***** The data *****

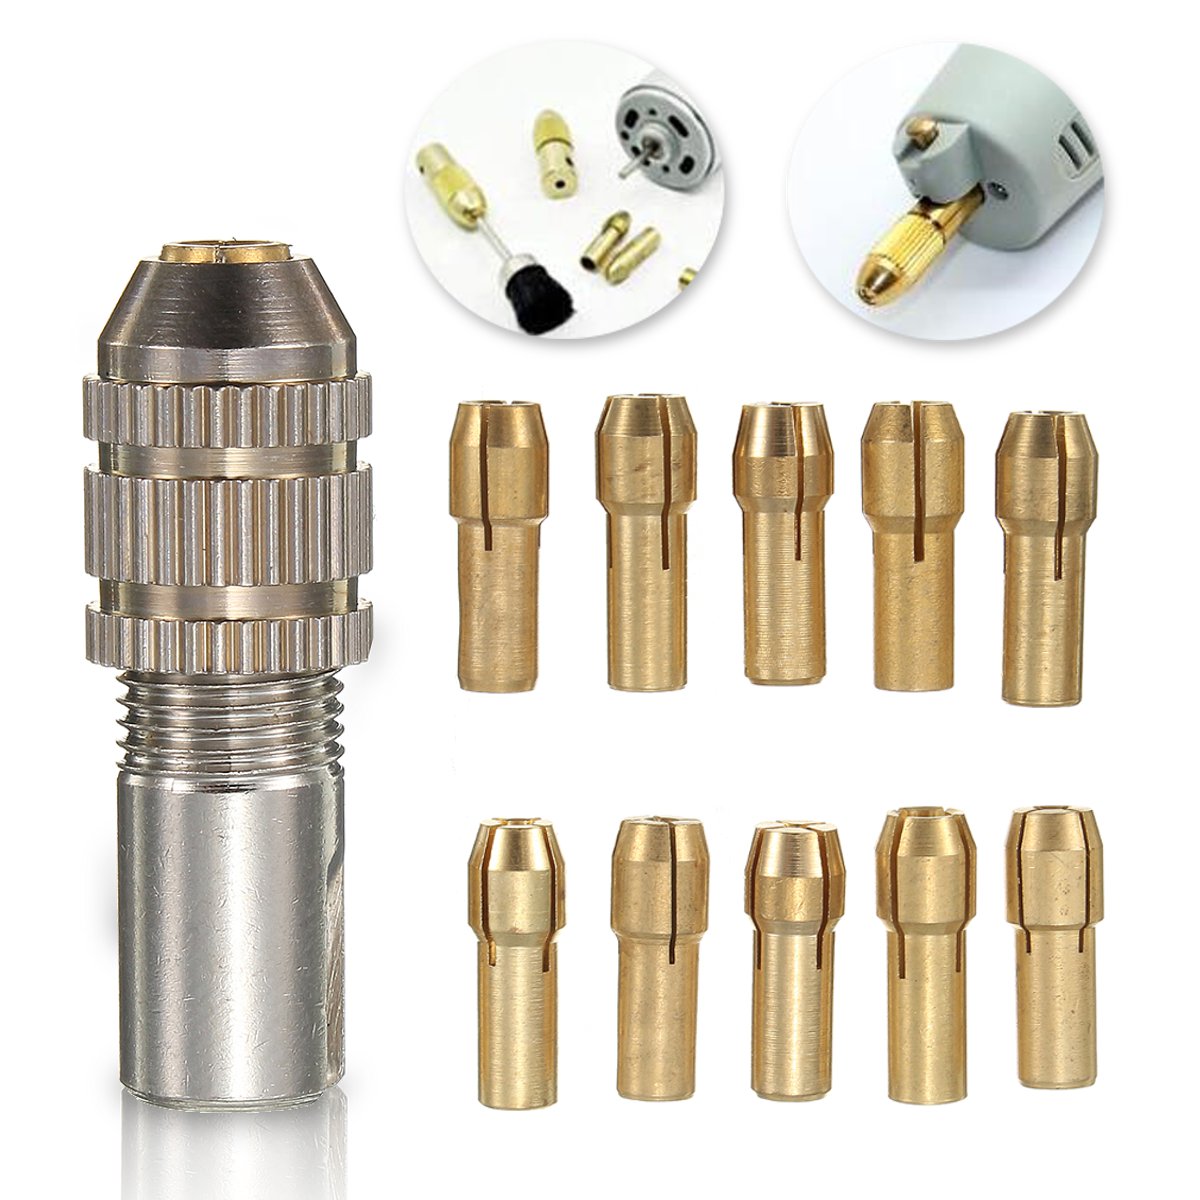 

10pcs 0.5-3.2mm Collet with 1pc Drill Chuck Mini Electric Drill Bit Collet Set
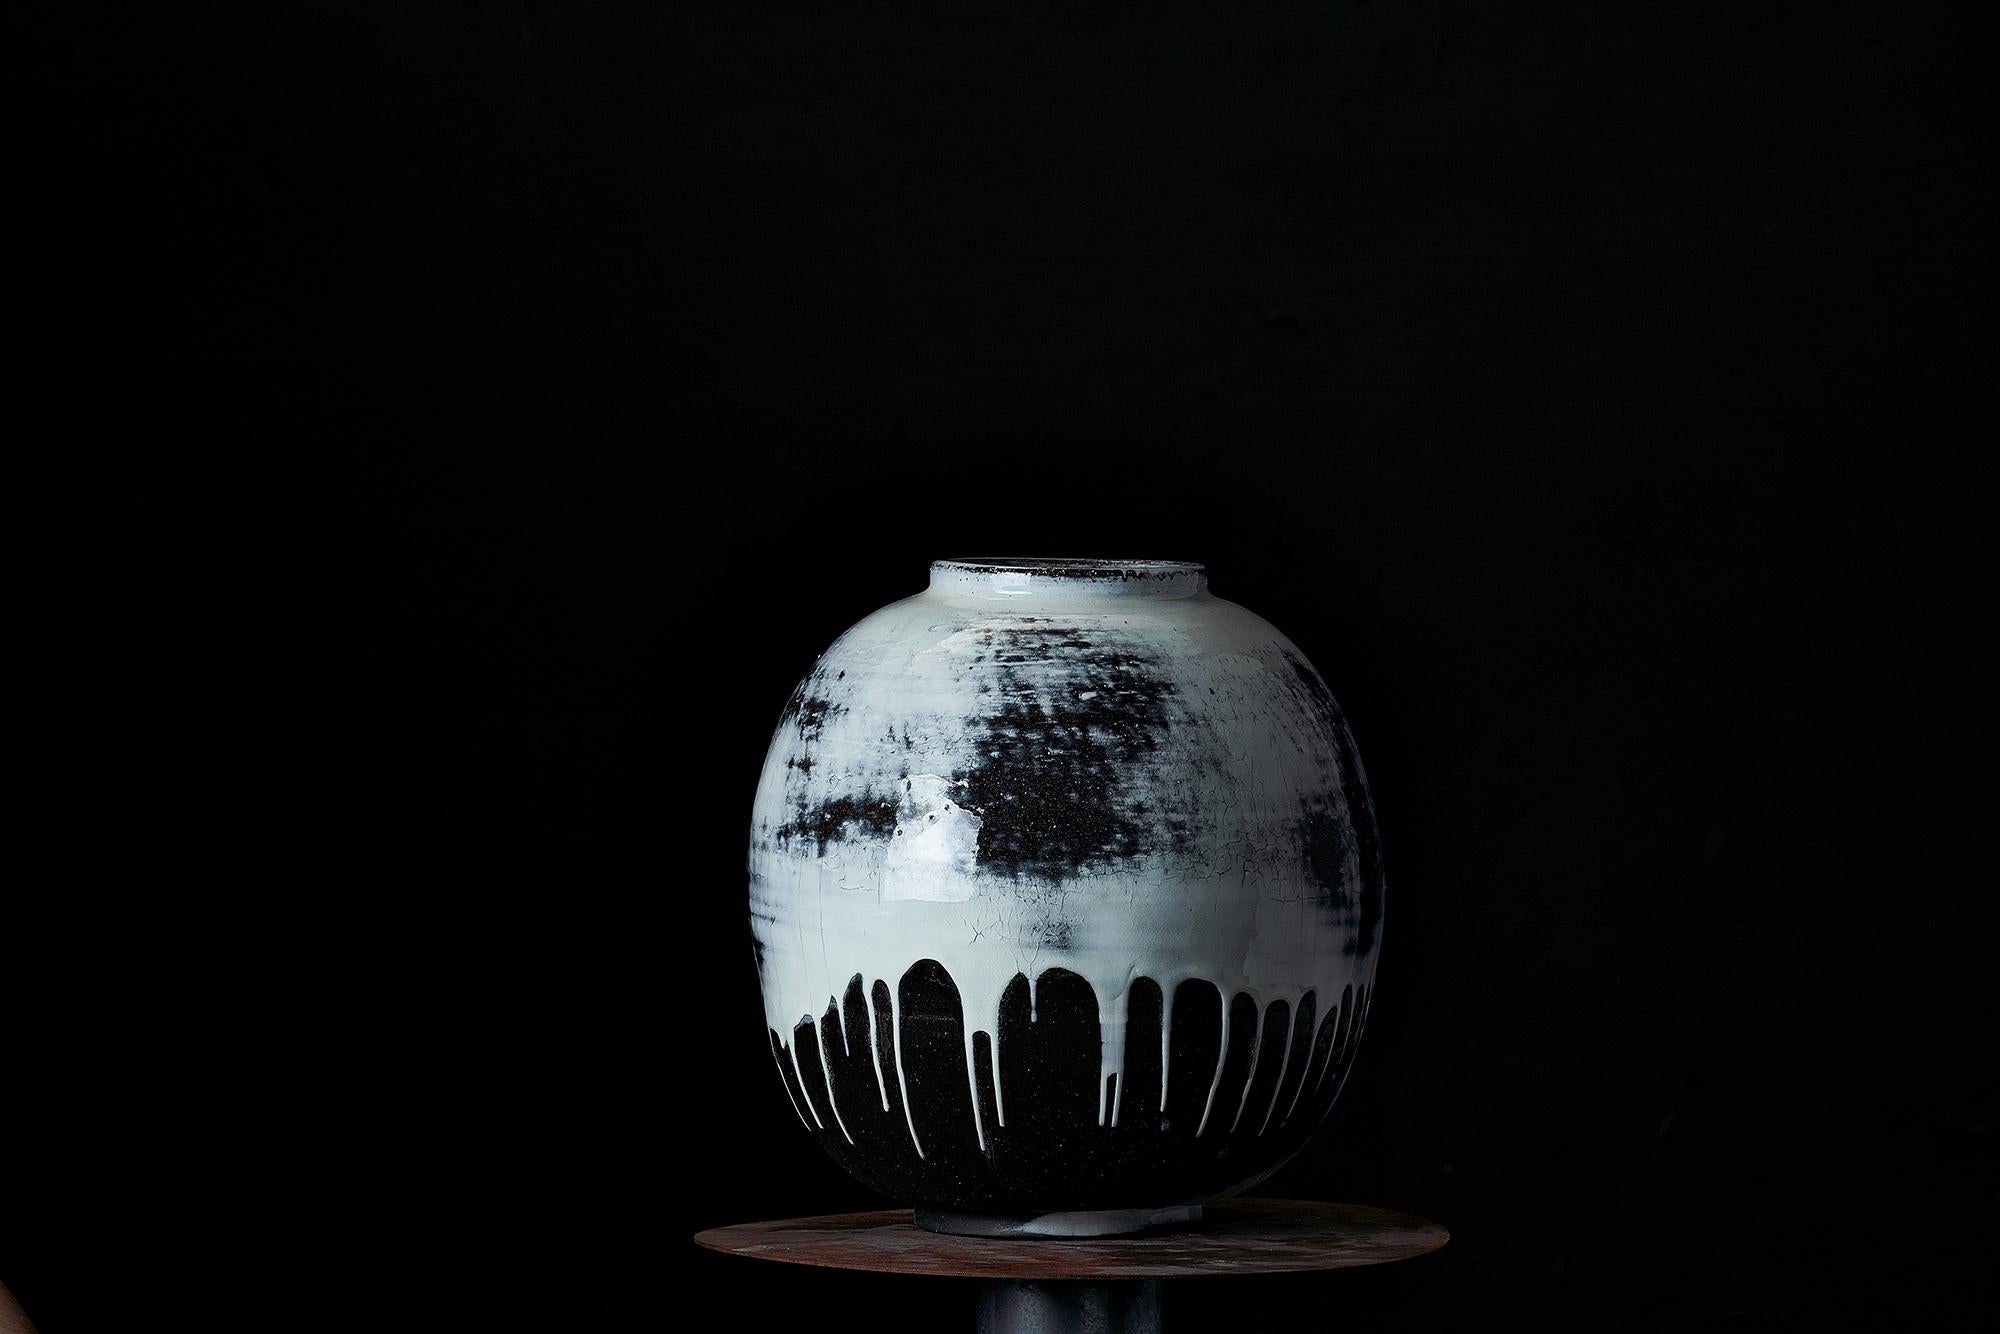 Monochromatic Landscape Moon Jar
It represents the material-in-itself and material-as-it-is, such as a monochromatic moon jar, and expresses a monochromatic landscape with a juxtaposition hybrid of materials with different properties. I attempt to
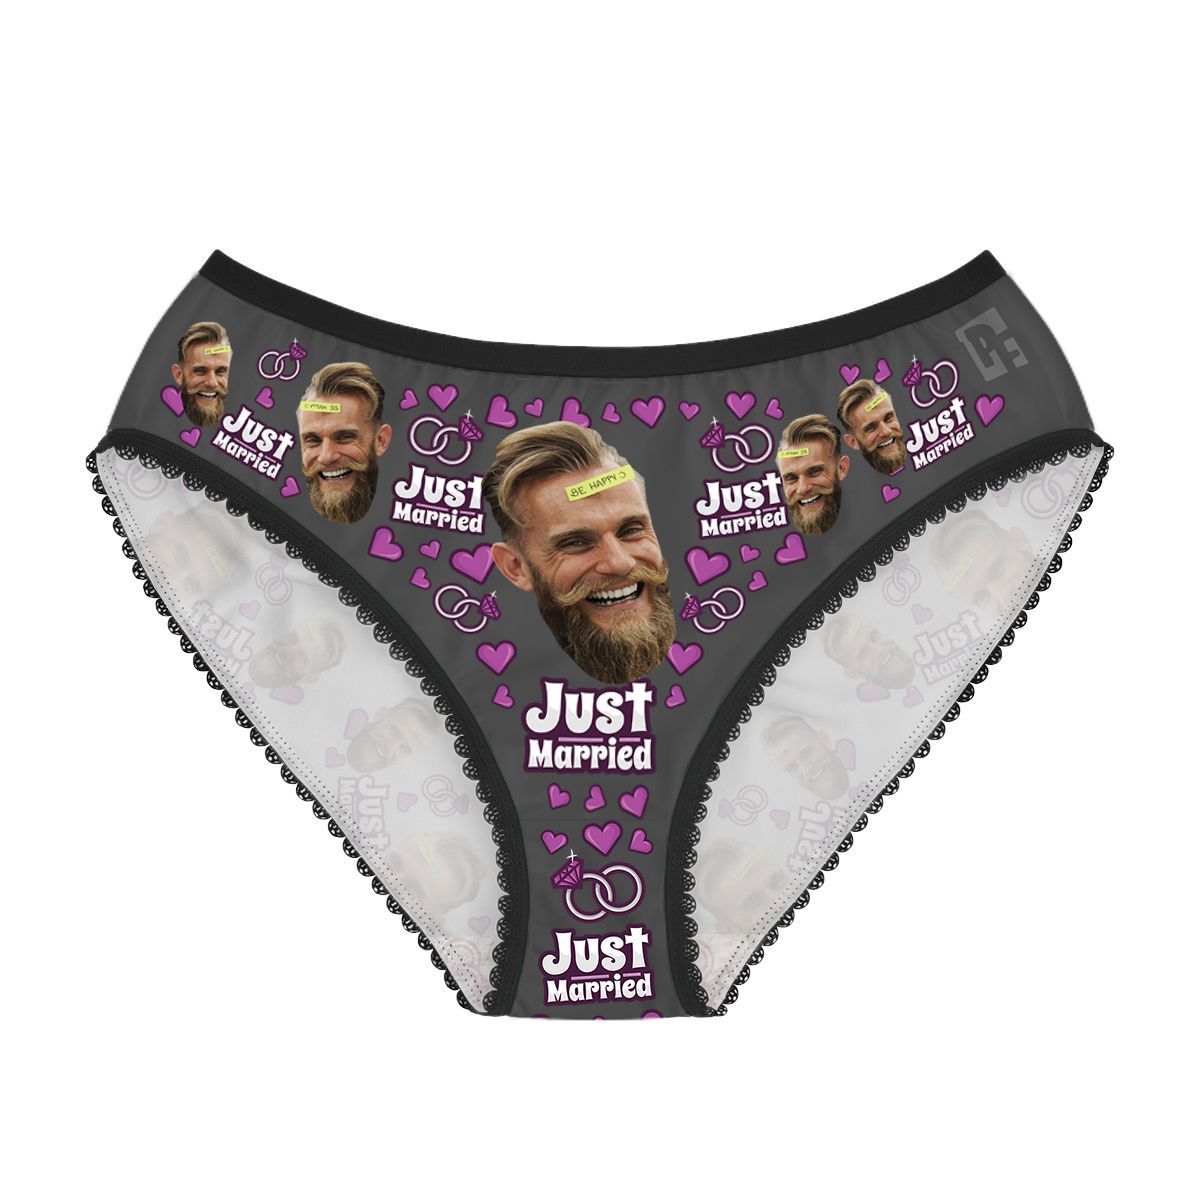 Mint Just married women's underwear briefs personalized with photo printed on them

*****

The task ->
Your answer must be exactly the lines from the one with "It represents the" through the final line of the data, with no pictures in it.

Your response ->
It represents the material-in-itself and material-as-it-is, such as a monochromatic moon jar, and expresses a monochromatic landscape with a juxtaposition hybrid of materials with different properties. I attempt to
 Mint Just married women's underwear briefs personalized with photo printed on them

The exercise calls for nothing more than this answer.